In many classification problems it is helpful to form features that represent regularities over a few of the input spike streams. Once way to do this with minimal fuss is to use the GenericBeanEncoder class. This class handles most spike-encoding automatically and includes an option to turn on a simple form of feature learning consisting of a collection of AHaH ‘partitioners’. Each Partitioner outputs a spike stream which becomes selective to regularities in the spike stream, and via unsupervised AHaH plasticity adapts to minimize the influence of noise.

Use Unsupervised Drop-Out

As we first disclosed in our Cortical Computing with kT-RAM paper, the performance of the classifier can be improved through a technique that bears similarity to a technique in machine learning called “Drop-Out”, although in our case we operate in a strictly unsupervised manner. The idea is to use unsupervised AHaH learning, which we get for free simply by reading the devices, and couple that to spike patterns where some of the input spikes have been eliminated.

Increase the Number of Training Epochs

Provided the spike-stream is stable, the AHaH Linear Classifier can typically generate acceptable performance in only one epoch of training, particularly when using the Byte or Nibble cores. However, adding another training epoch will modestly increase performance. Increasing the number of training epochs becomes more important as the spike space gets larger and the resolution of your feature encoding increases. Don’t go too far, or you will notice a slight drop in performance due to over-fitting.

As we include all of these tricks, we can usually boost the performance from “average” to “good” or “great”, as compared to other machine learning methods. In this case, we squeezed out another percent at the cost of additional computational time and energy. It is also worth keeping in mind that what we have shown is just one method to use kT-RAM to solve such problems. We continue to discover new methods. Remember, kT-RAM is not an algorithm — it is a general-purpose adaptive computational substrate. There are many ways to use it!

Knowm API Census Income Performance With Tricks

Knowm API Census Income Performance With Tricks

Comparison

Before you get into using the Knowm API to do more tasks like this, it’s important to highlight an important concept in machine learning: performance benchmarking. When developing a machine learning technology, you need to compare your results to other algorithms! If you do not do this, you run the risk of wasting your time developing a bad idea. It doesn’t matter how conceptually beautiful your algorithm is.

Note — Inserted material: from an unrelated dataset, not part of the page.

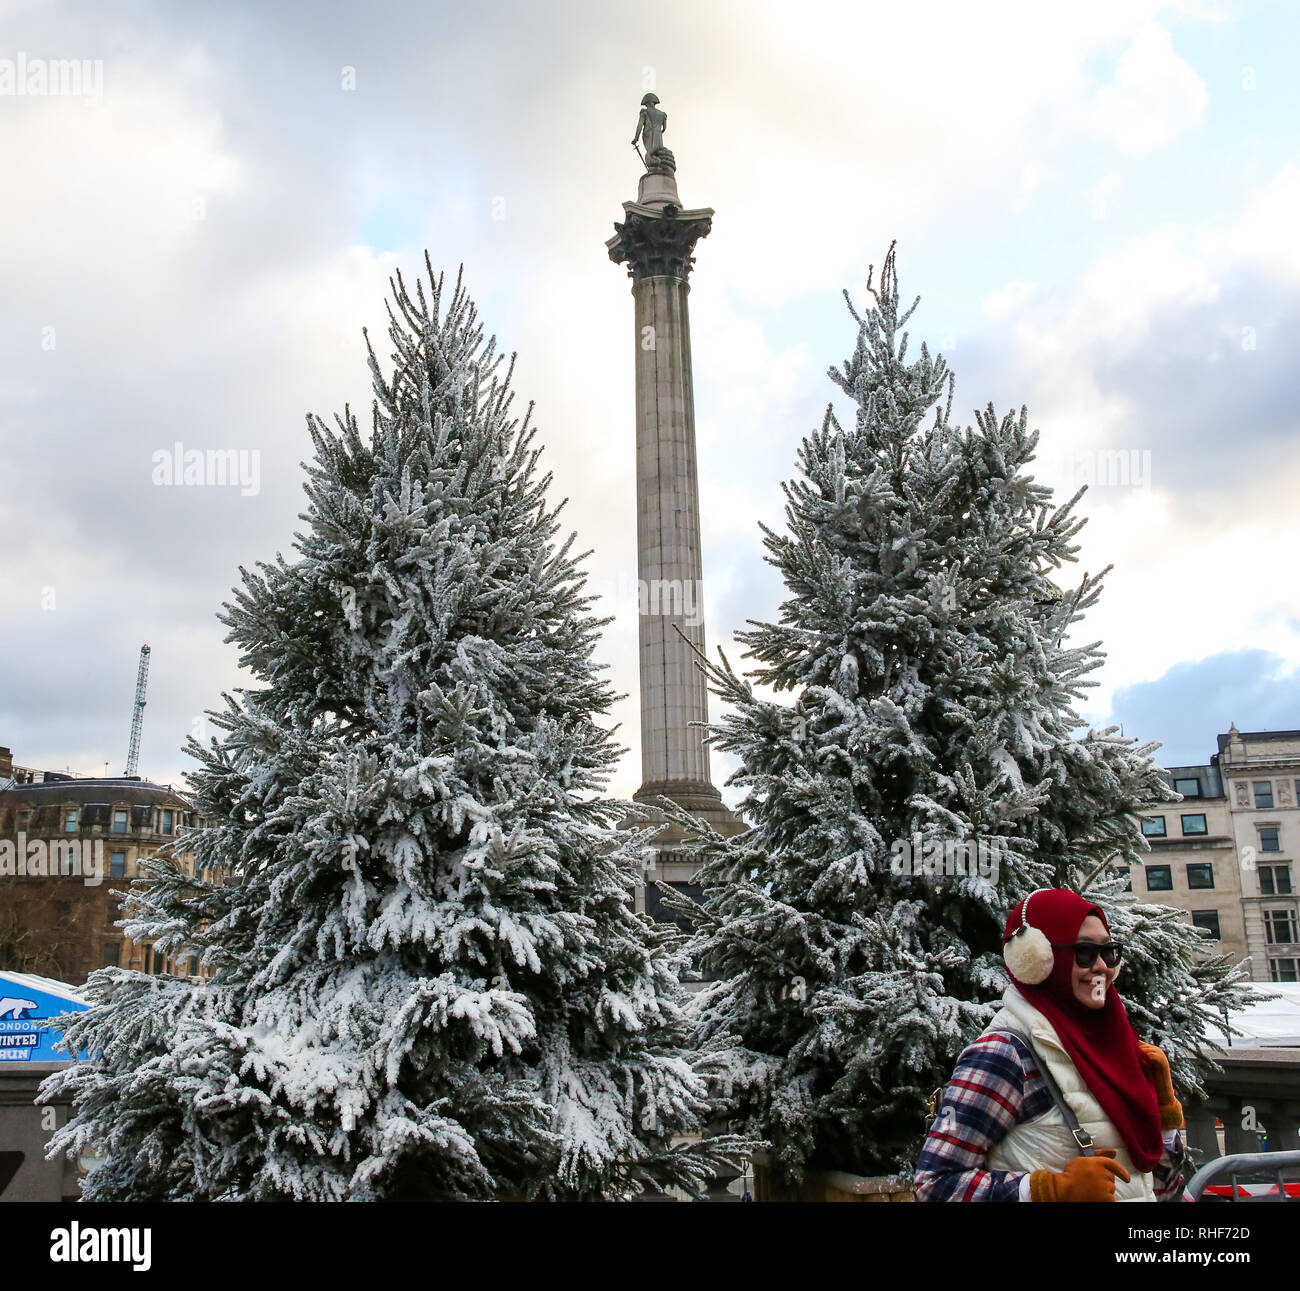 Fir trees in London's Trafalgar Square are seen covered in fake snow in preparation for the 5th Cancer Research UK London, Winter Run which will take place on Sunday 3 February.  The 10k run will start from Trafalgar Square, which will set the runner onto the course with a burst of snow. Stock Photo

It only matters that it solves the problem. So how does this method compare against the results of other algorithms?

Algorithm Error
FSS Naive Bayes 0.1405
NBTree 0.1410
C4.5-auto 0.1446
IDTM (Decision table) 0.1446
KnowmAPI – ByteCore – With Simple Tricks 0.145
HOODG 0.1482
C4.5 rules 0.1494
OC1 0.1504
KnowmAPI – ByteCore – No Tricks 0.154
C4.5 0.1554
Voted ID3 (0.6) 0.1564
CN2 0.1600
Naive-Bayes 0.1612
Voted ID3 (0.8) 0.1647
T2 0.1684
1R 0.1954
Nearest-neighbor (1) 0.2142
Nearest-neighbor (3) 0.2035

All benchmark results we’re pulled from the UCI Machine Learning Repository Census Income Data Set page.

Looking at the above table, we can see that our results compare nicely with other methods. While it is not the absolute best classifier, the no-tricks version ranks amongst the top performers despite the fact that only one training epoch was run and no optimization tricks were used try to squeeze out any more performance. As we start adding optimization tricks, we can squeeze out more primary performance but usually at the cost of secondary metrics. In addition, we’ve built our classifier so that it will one day be able to run on physical kT-RAM, and once this happens these algorithms will benefit from massive improvements in speed and efficiency.

ROC Curve

Looking at the ROC curve, we see that the where the equal error rate or crossover error rate (EER or CER): the rate at which both acceptance and rejection errors are equal, is roughly 0.2. The value of the EER can be easily obtained from the ROC curve by looking at where the ROC curve crosses the EER line. In general, the classifier with the lowest EER is the most accurate.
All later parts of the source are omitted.